Luís G. Soto & Miguel M. Quintanar
Dois séculos, 10 anos
Há na filosofia política internacional contemporânea um debate sobre o republicanismo em termos não desconhecidos na tradição política espanhola —ou quiçá melhor dito hispana— dos dois últimos séculos. Podemos datar —convencionalmente, miticamente— a sua origem nas Cortes de Cádis, reunidas em 1810, e a Constituição —monárquica, mas liberal— fruto do seu trabalho promulgada em 1812.
Desde essas datas a hoje vão duzentos anos, e neles podemos contabilizar, somando-os, apenas —e como máximo— 10 anos de república em Espanha.

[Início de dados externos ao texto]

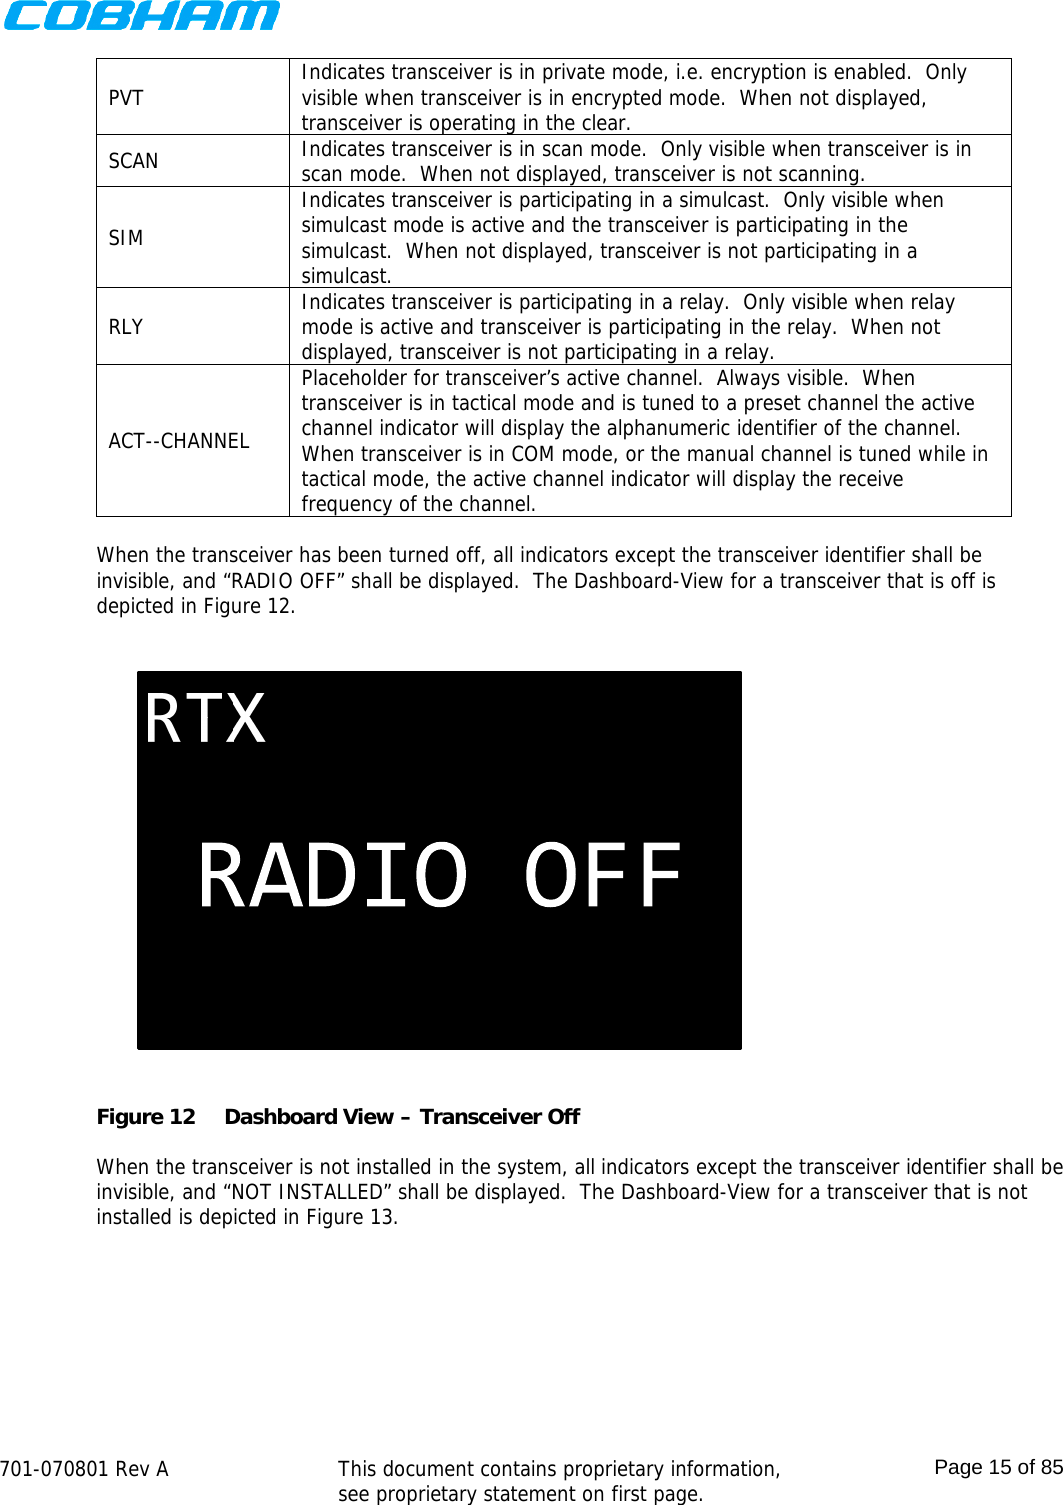    701-070801 Rev A   This document contains proprietary information, see proprietary statement on first page.  Page 15 of 85  PVT  Indicates transceiver is in private mode, i.e. encryption is enabled.  Only visible when transceiver is in encrypted mode.  When not displayed, transceiver is operating in the clear. SCAN  Indicates transceiver is in scan mode.  Only visible when transceiver is in scan mode.  When not displayed, transceiver is not scanning. SIM Indicates transceiver is participating in a simulcast.  Only visible when simulcast mode is active and the transceiver is participating in the simulcast.  When not displayed, transceiver is not participating in a simulcast. RLY  Indicates transceiver is participating in a relay.  Only visible when relay mode is active and transceiver is participating in the relay.  When not displayed, transceiver is not participating in a relay. ACT--CHANNEL Placeholder for transceiver’s active channel.  Always visible.  When transceiver is in tactical mode and is tuned to a preset channel the active channel indicator will display the alphanumeric identifier of the channel.  When transceiver is in COM mode, or the manual channel is tuned while in tactical mode, the active channel indicator will display the receive frequency of the channel.  When the transceiver has been turned off, all indicators except the transceiver identifier shall be invisible, and “RADIO OFF” shall be displayed.  The Dashboard-View for a transceiver that is off is depicted in Figure 12.  Figure 12  Dashboard View – Transceiver Off  When the transceiver is not installed in the system, all indicators except the transceiver identifier shall be invisible, and “NOT INSTALLED” shall be displayed.  The Dashboard-View for a transceiver that is not installed is depicted in Figure 13.

Republicanismo, republicanos
Desde há mais de duzentos anos, três ideias do republicanismo, então procedentes da Revolução Francesa de 1789, são discutidas e reelaboradas na teoria e a prática políticas: a liberdade, a igualdade e a fraternidade. As três conhecem um desenvolvimento profuso espargido em diferentes correntes políticas, que se entrecruzam, nem sempre em harmonia ou em sintonia, senão com frequência divergindo entre elas. E pugnam, desde então e antes, com variados conservadorismos, tradicionalismos, etc.
Liberais, progressistas, anarquistas e socialistas são as formas —entre outras— que vão adoptando essas correntes —partidos, organizações, movimentos— que tomam por eixo a liberdade, a igualdade e a fraternidade (ou solidariedade).
Diferenças entre os republicanos
O que os diferencia, de início e ao longo do séc. XIX, não é tanto uma especialização —a escolha preferente de um desses valores: por exemplo, a liberdade— como a maneira de entender a conjunção desses três valores republicanos. Ainda no primeiro terço do séc. XX, em que o processo de fissão é um facto consumado, as diferenças entre as esquerdas liberais e os socialistas e os anarquistas podem ser formuladas como uma questão de hierarquia e compreensão desses valores, mas não de exclusão de algum deles.
Uma outra diferença, e importante, é que uns —liberais, progressistas— nascem em torno ao poder político —o estado e o governo, do qual por vezes participam— e outros —socialistas, anarquistas— originam-se por fora do poder político, no seio da sociedade, em torno ao trabalho. Estes não só não participam do governo e o estado senão que ficam excluídos deles longo tempo (socialistas) ou de raiz e por sempre (anarquistas), mas constituem um poder social.
Na prática, as forças de matriz republicana rara vez convergem na acção política e/ou social: discorrem por separado e entram em concorrência, desenvolvem-se afastando-se e debilitam-se enfrentando-se. Mesmo quando convergem é rara vez sob a forma da república.